It had all gone off the rails with the arrival of Scarlett’s sister. She’d been quite the piece of work, and he’d questioned the wisdom in tying his name to Scarlett’s.
He’d been trying to convince himself that Scarlett wasn’t anything like the people she’d come from, and then she’d thrown a tantrum, suggesting Paloma leave the only home she’d ever known.
That overstep had left him so incensed he had reciprocated her silence, giving them both time to cool off.
When he walked into the Madrid flat, he was prepared to address the whole thing with civility, but she wasn’t here. She wasn’t in Spain, he learned from the housekeeper. She had taken their son to Niko’s island villa.
All Javiero’s intentions to stay rational were incinerated in a bonfire of fresh wrath.
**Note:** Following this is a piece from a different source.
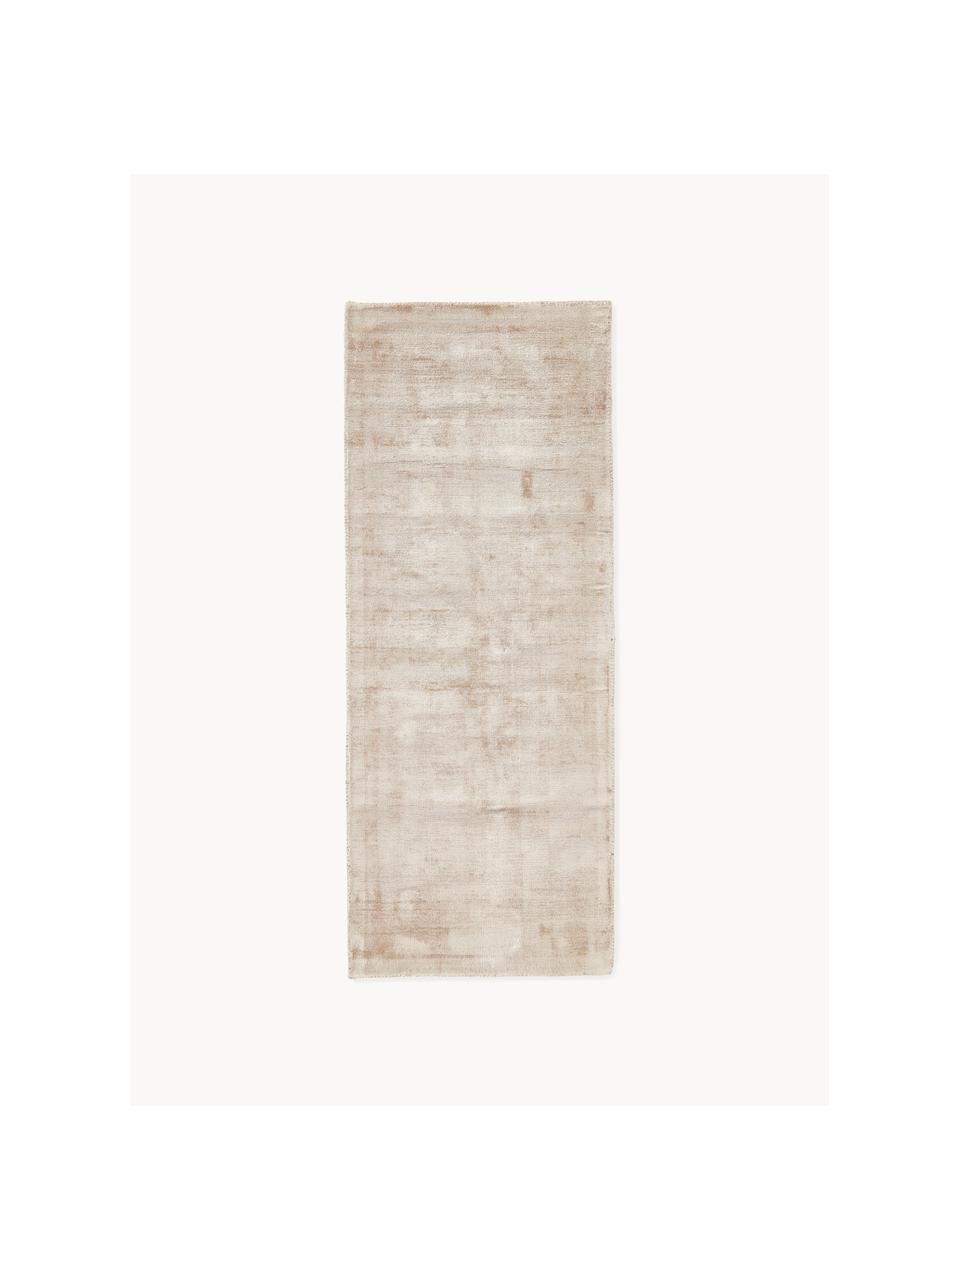 Passatoia in viscosa Jane, Retro: 100% cotone Il materiale , Beige chiaro, Larg. 80 x Lung. 300 cm

This was why he couldn’t trust her! His mother had warned him this would happen—that Scarlett would use their son as a hostage to get whatever she wanted from him. Damn her!
He called her, but it went to voice mail. She continued to ignore his calls and texts for two days. He grew more livid by the second. Finally, he tracked down the number for the landline and blistered the ear of a maid until she put him through.
“Hello?” a fresh female voice greeted warily.
“Get me Scarlett,” he said through his teeth. “Now.”
“Javiero? This is Kiara. How are you?”
“Devoid of patience. Put Scarlett on.”
“She’s asleep.” Her tone held rebuke. “Is this an emergency?”
He looked at the phone. No one said no to him. No one except—
“Is Val there?” he asked through gritted teeth.
“No.” She sounded defensive, though. “I’m here to pack up my studio.”
“And what is Scarlett doing there? Also packing?”
Kiara left a silence that made a howl lodge in his chest.
“Put her on the phone, Kiara. Now.”
“I’ll tell her you called, but I can’t make her talk to you. I’m not going to try. She—”
“She can talk to me in the morning. I’m leaving now,” he cut in with a snap. He had begun making preparations the minute he’d learned where she was, hoping it wouldn’t come to this, but apparently it had.
“You’re coming here?”
“Don’t bother preparing a room,” he said with distaste. “I have a yacht on standby in Athens. I swore I’d never sleep another night in that house and I refuse to start now.”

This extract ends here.